Если б гномы не были так увлечены спором, они бы увидели, что тело Пятнашки слегка вздрагивает.
– Главное, – сказал Дайнис, – что от нее никому никакой пользы. Вот пчелка – у нее тоже есть жало, но ее все любят, уважают. За мед, за воск… Розу – за прекрасные цветы. А змею, добрые молодцы, за что любить?
«Добрые молодцы» молчали. Дилидон думал: «Любить и уважать ее, может, и не за что, но жить и она имеет право».
– Эх вы, несмышленыши! – неожиданно подняла голову змея. К удивлению всех, она прекрасно говорила на языке гномов. А еще больше удивились гномы тому, что из ее крохотных глазок текут такие огромные слезы… – Из моего яда, – всхлипнула змея, – из моего яда делают дорогие, очень важные лекарства! Чего стоите? – зло прошипела она. – Неужто не видите?.. Давайте сюда свою посудину!
Мудрик с уважением снял шапку, поставил перед Пятнашкой ведерко и велел всем отойти. Опустив головы, словно виноватые, гномы тихо удалились за малинник.

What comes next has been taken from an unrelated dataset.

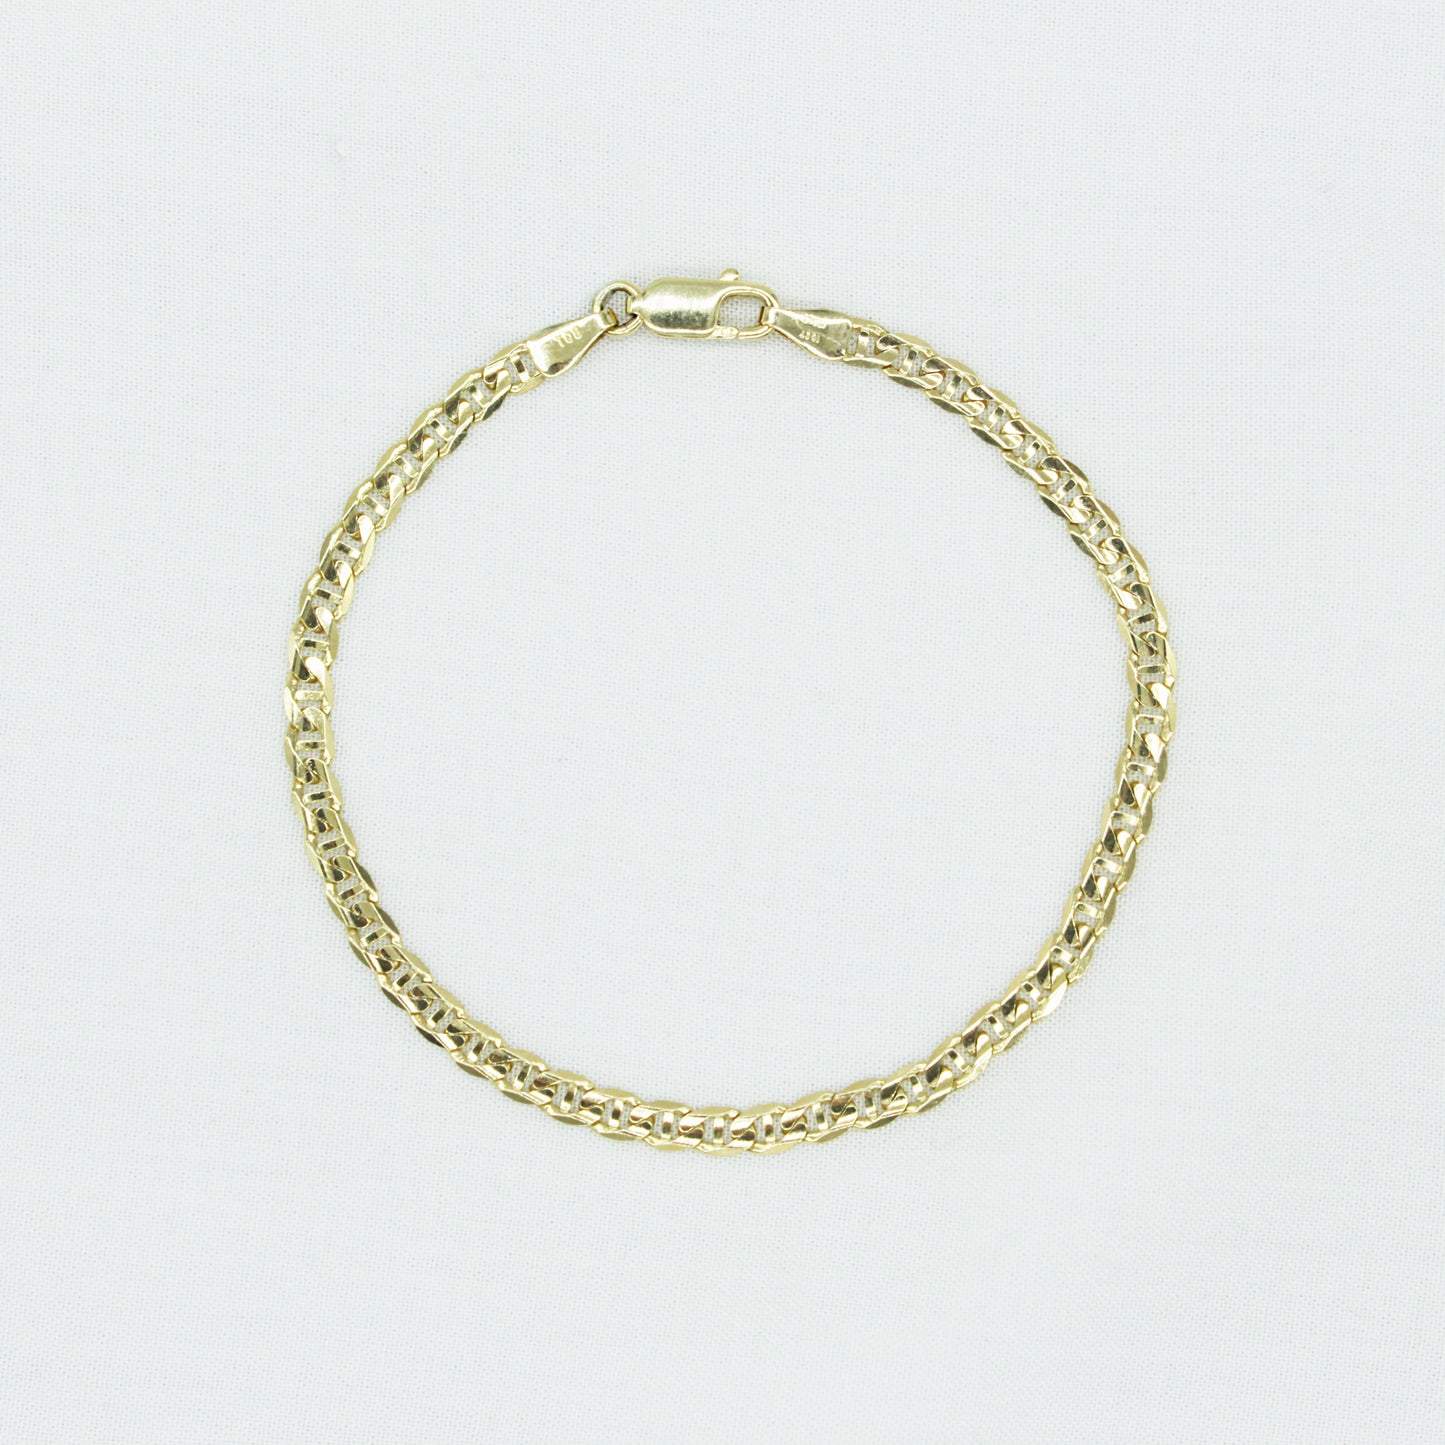 Gucci Link Bracelet in 10K (3.7mm x 0.8mm)

Вдруг они услышали в воздухе странный звук. Ух-ух-ух! – взмахивая крыльями, над чахлыми березками низко летел аист. Пока гномы, не понимая опасности, разглядывали красиво изогнутую длинную шею и красные ноги, аист увидел змею. Немного снизился, цапнул гадюку и унес. На пне осталось почти полное ведерко слез…
МЕСТЬ
Расяле знала, где осиное гнездо. Ловко спрятанное в запущенной живой изгороди, под густой крышей веточек и листвы, оно походило на большое яйцо из серой бумаги: тупой конец его был прилеплен к ветвям, а в остром чернел крохотный леток.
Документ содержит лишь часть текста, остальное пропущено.